Although the pair is known as Arp 273, the individual galaxies are UGC 1810 (top) and UGC 1813 (bottom).

Most galaxies reside in clusters.  The distances between them may be typically tens to hundreds of galactic diameters.  Hence near-misses, collisions, and mergers are quite common as galaxies orbit collectively around themselves in the cluster.  (This isn't the case for the stars inside the galaxies.  The stellar distances are millions of times larger than stellar diameters, so stellar mergers and near-misses are far rarer for all of the stars within a pair of colliding galaxies like above.)

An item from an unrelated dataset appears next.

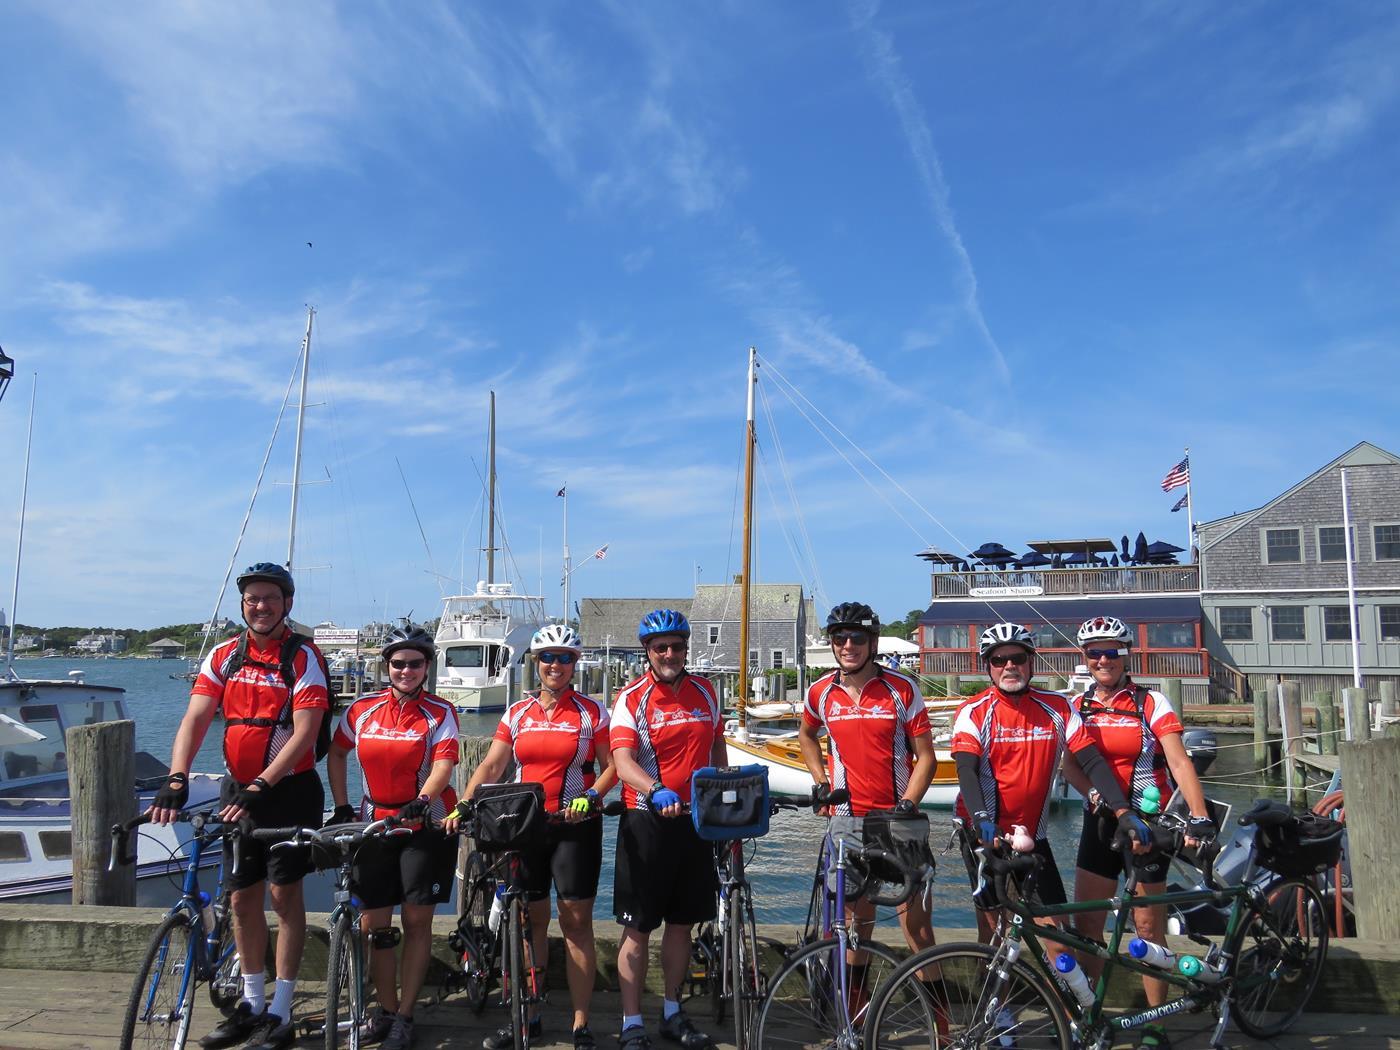 Cape Cod Bike Tour 1 Great Freedom Adventures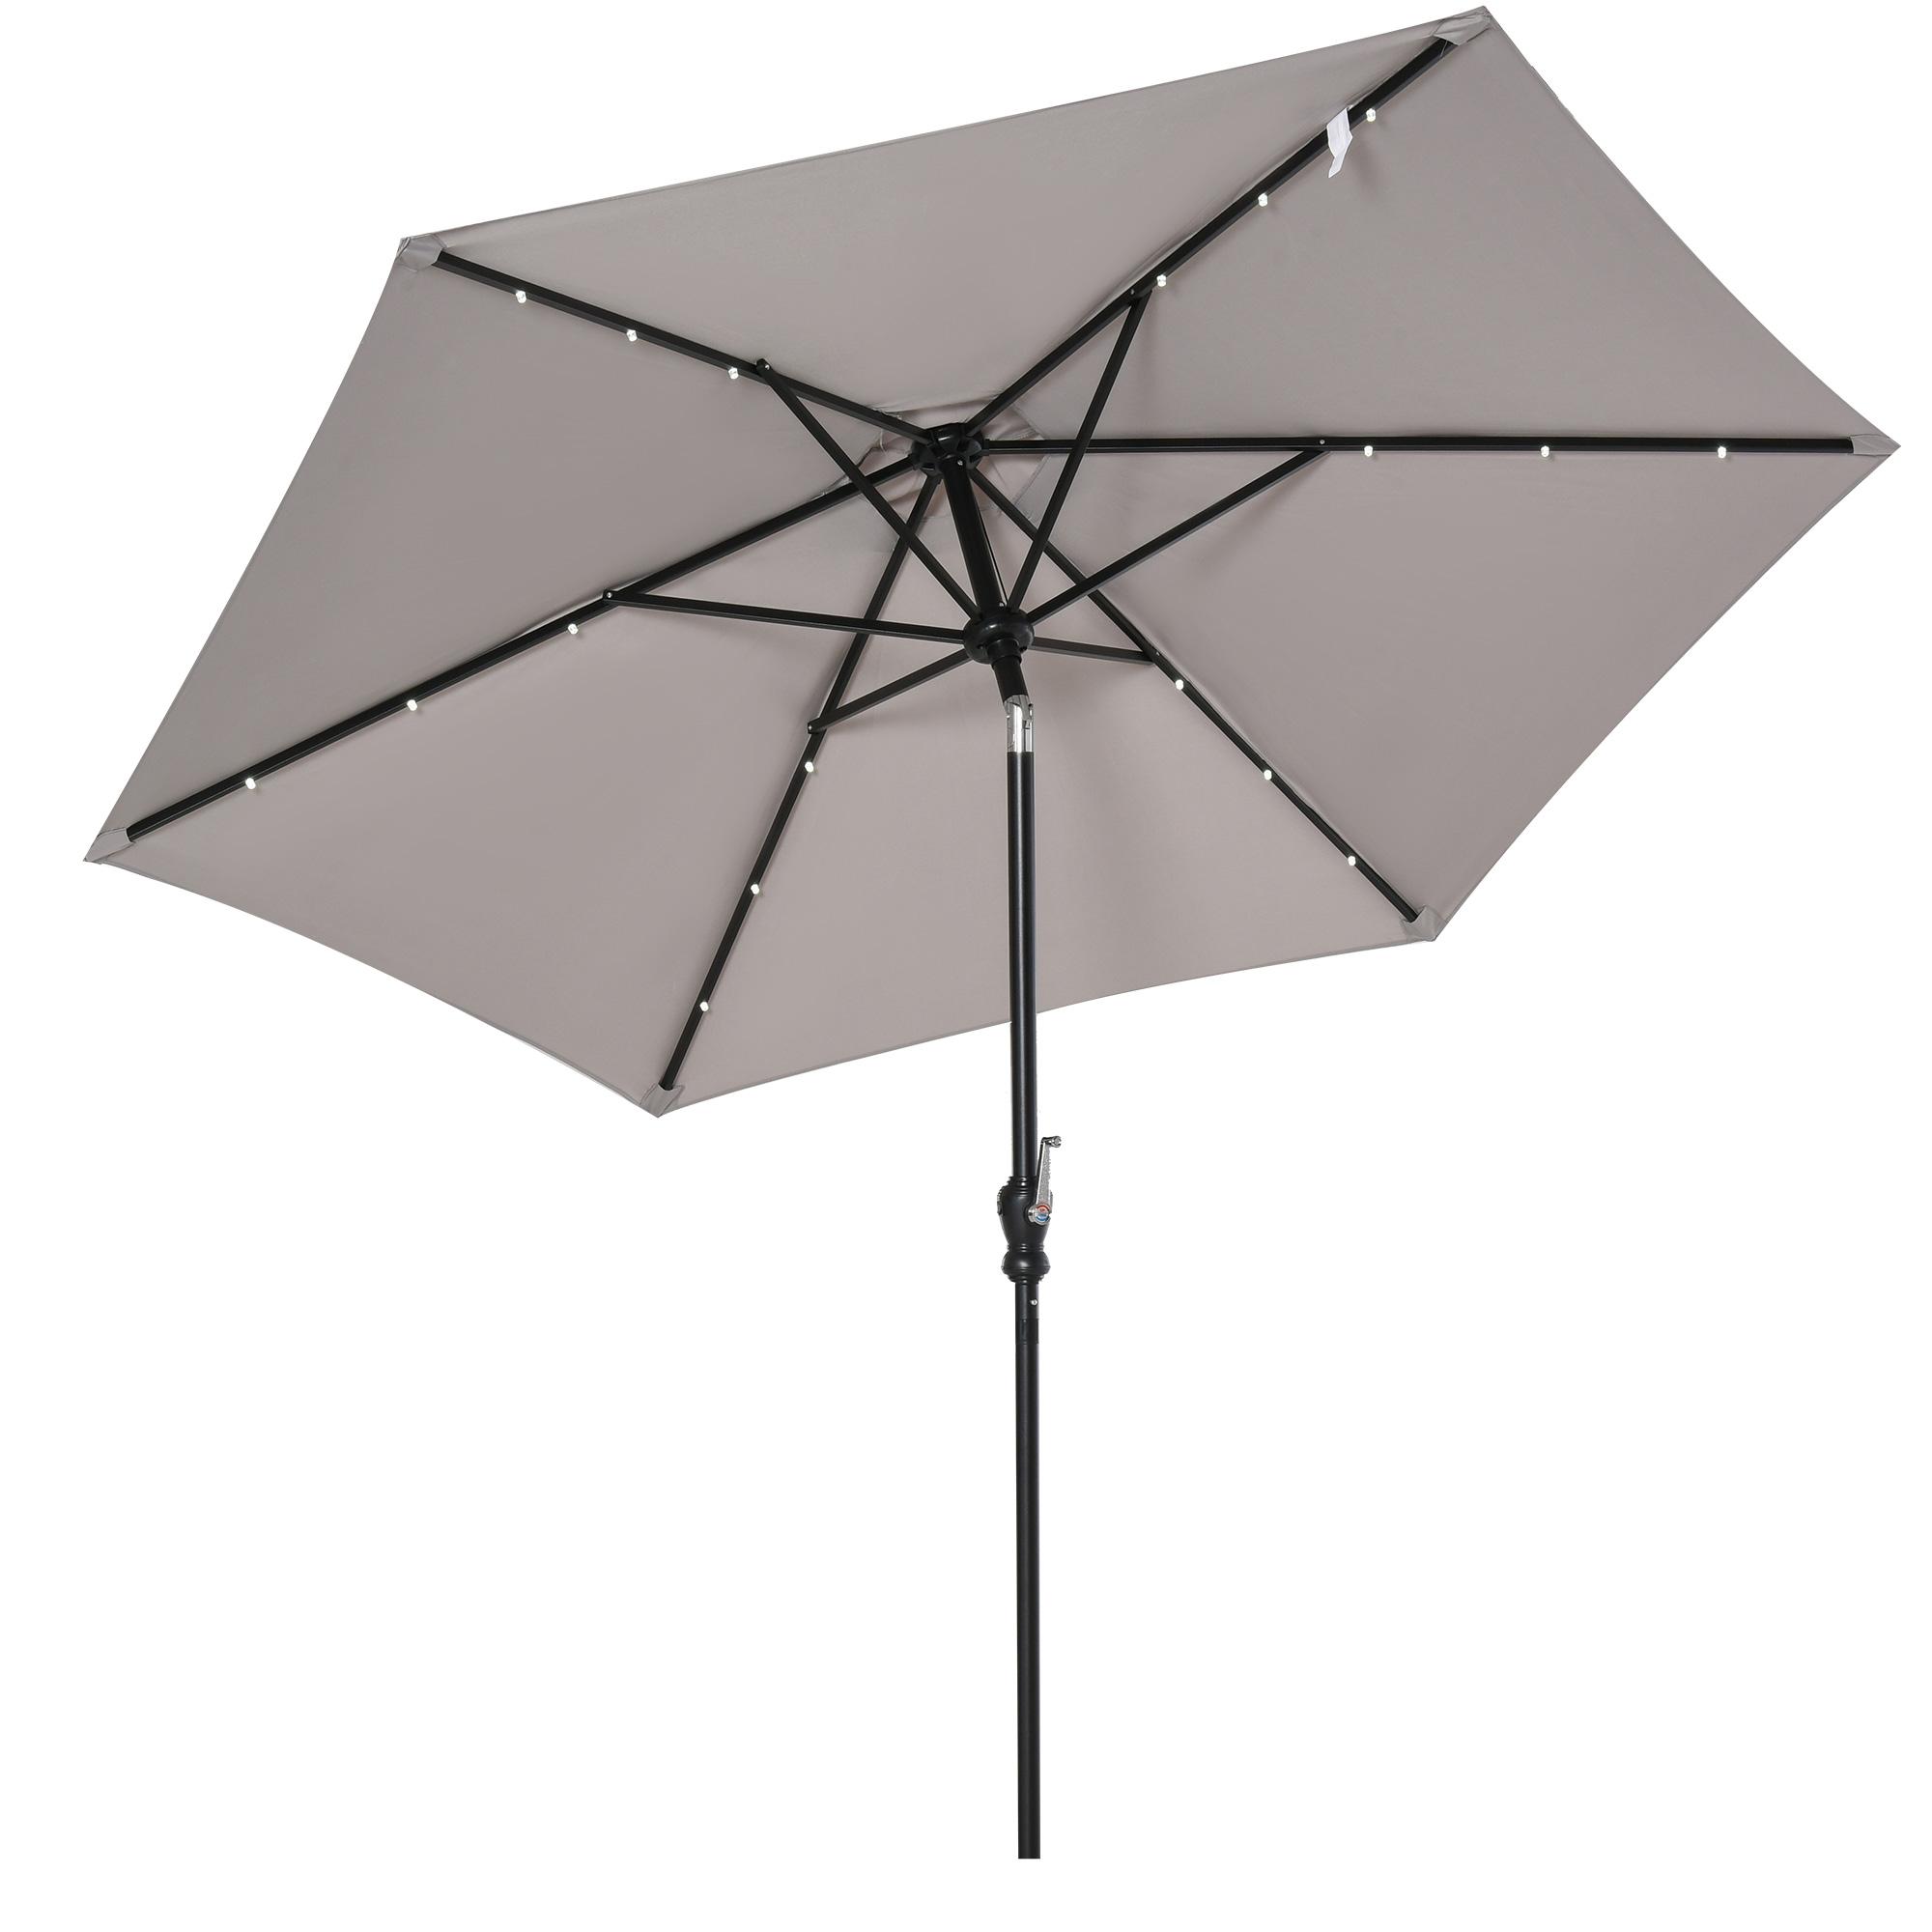 Parasol lumineux hexagonal inclinable parasol LED gris

The gravitational interplay between the pairs of galaxies lead to the tidal tails of stars that seem to bridge the two.  The larger galaxy's outer spiral arm is wrapping around itself, almost completing a ring around the galaxy.  The close pass has also disrupted the clouds of dark molecular gas and dust.  Instead of neatly following the spiral arms, they are spread out.  Some of it has been pushed and compressed, with clumps of clouds collapsing to form clusters of young stars.

A periodic series of stellar clusters can be seen running horizontally across the top of UGC 1810.  Different telescope filters were used to create the color composite from Hubble's Wide Field Camera 3.  Here the blue color represents ultraviolet (UV) radiation from young, massive stars, which live fast, and die young.  The winds and outflows from these and other young stars disrupt the molecular gas surrounding them in their natal environment.  Massive stars blowing up as supernovae can finish off the clouds, leaving the remaining young stars in the cluster -- now unbounded by the gravity of the parent cloud -- to spread out and percolate in their orbits through the rest of the galactic disk.

In addition to a fascinating snapshot into the collision and mergers of these galaxies (which can take hundreds of millions to billions of years), a picture like this also reveals all of the activity that goes on in galaxies.  There are hints of star birth, star death, and the cycling of matter as it goes from molecular clouds to stars and back into the interstellar medium.